Таже Олгердъ поиде отъ Волока, воюя и пленя, и приiде къ Москве месяца Декабря въ 6 день, на самъ Николинъ день, и около града вся пожже, и посады; и стоя подъ градом подъ Москвою осмь днiй, и града не взя
[…] Олгердъ же много воевавъ, и пожже, и избы и много полона събравь, и хотяше ити въ своаси, и услыша силу многу стоащу и на брань готовающуся и убоася и устрашися зело и нача мира просити. Князь же велики Дмитрей Ивановичь взя съ нимь миръ до Петрова дни, а Олгирд хотяше вечнаго мира, хотяше бо Олгирдъ дати дщерь свою за князя Володимера Андреевича, еже и бысть [245]; и тако помиривъся, отъиде отъ Москвы […] и возвратися въ свою землю; и идяше съ многимъ опасенiемь, озираяся семо и овамо, боася за собою погони.(Никон. летоп. — ПСРЛ 1965, XI, 14; ср. Троицк. Летоп. 1950, 390–391).Михаил Тверской вернулся в свой город и заключил мир с князем Димитрием Московским, а Альгирдас успел еще в том году пойти ратью на немцев и много зло сътворити Неметцкой земле и со многимъ полономъ возвратися въ свояси
(Никон. летоп. — ПСРЛ 1965, XI, 14).В 1373 году Альгирдас, събравь воя многы, в силе тяжце
, снова двинулся к Москве. Но на этот раз Димитрий успел собрать многочисленное войско и двинул его навстречу. И стоаху рати прямо себе, а промежу ими врагъ круть и дебрь велика зело [дело происходило около Любутска. — В. Т.], и не лзе бяше полкома снятися на бои, и тако стоавше неколко днеи, и взяша миръ промежу собою, и разидошася разно (Троицк. летоп. 1950, 395).
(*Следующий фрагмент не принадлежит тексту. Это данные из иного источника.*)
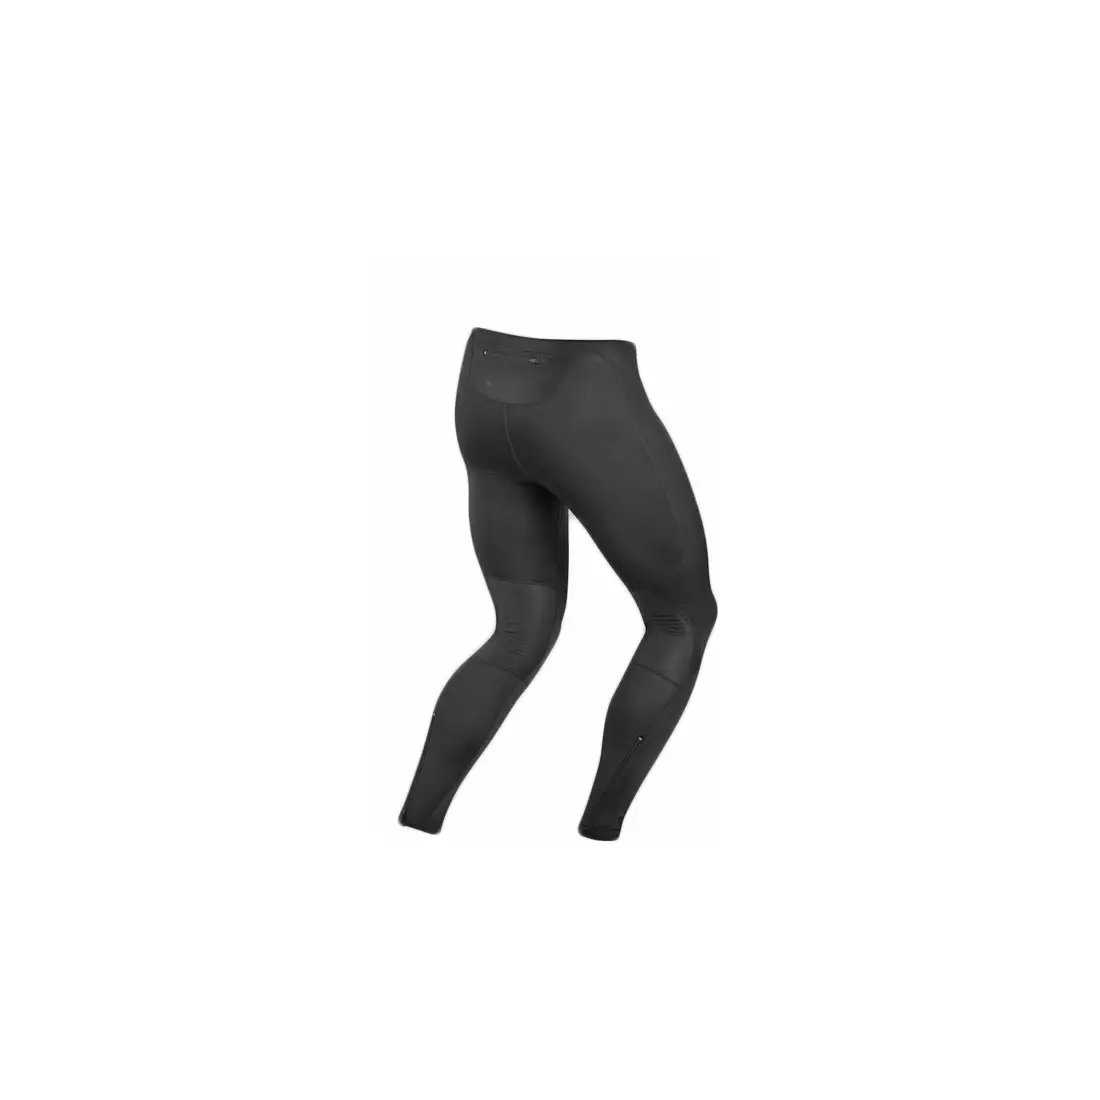 PEARL IZUMI RUN men's running pants FLY 12111407-021, color: black

Похоже, что обе стороны были вполне удовлетворены исходом этого стояния: под Любутском были, конечно, не только овраги и дебри и при желании можно было бы найти место для сражения [246].Следующий раз летопись обращается к Альгирдасу в 1377 году, когда он умер и престол занял его меньшiи
сын Ягайло. Перечисляя братьев и сыновей Альгирдаса, запись начинается официально и зло: Въ лето 6885 умре князь великiи Олгердъ Гедимоновичь Литовскiи [в Никоновской летописи далее: и бысть по немъ оскудение во всемъ и нестроенiе и мятежь велiй. — В. Т.] зловерныи и безбожный и нечестивыи [247]. Однако тут же, в полном противоречии с этой, в основном религиозной характеристикой, — слова, которые рисуют его не только выдающимся политиком, которому до него не было равных, но и человеком нравственных достоинств:Въ всеи же братiи своей Олгердъ превзыде владыстiю и саномъ, пoне пива и меду не пiаше, ни вина, ни кваса кисла, и великомуство и въздержанiе прiобрете себе, крепку думу отъ сего и многъ промыслъ притяжавъ, и таковымъ коварьствомъ много страны и земли повоева и многы грады и княженiа поималъ за себе, и удержа себе власть велику; темъ и умножися княженiа его, якоже ни единъ же отъ бpamia его сътвори, ни отець его, ни дедъ его тако прослылъ
.(Троицк. летоп. 1950, 402; ср. Никон. летоп. — ПСРЛ 1965, XI, 25–26).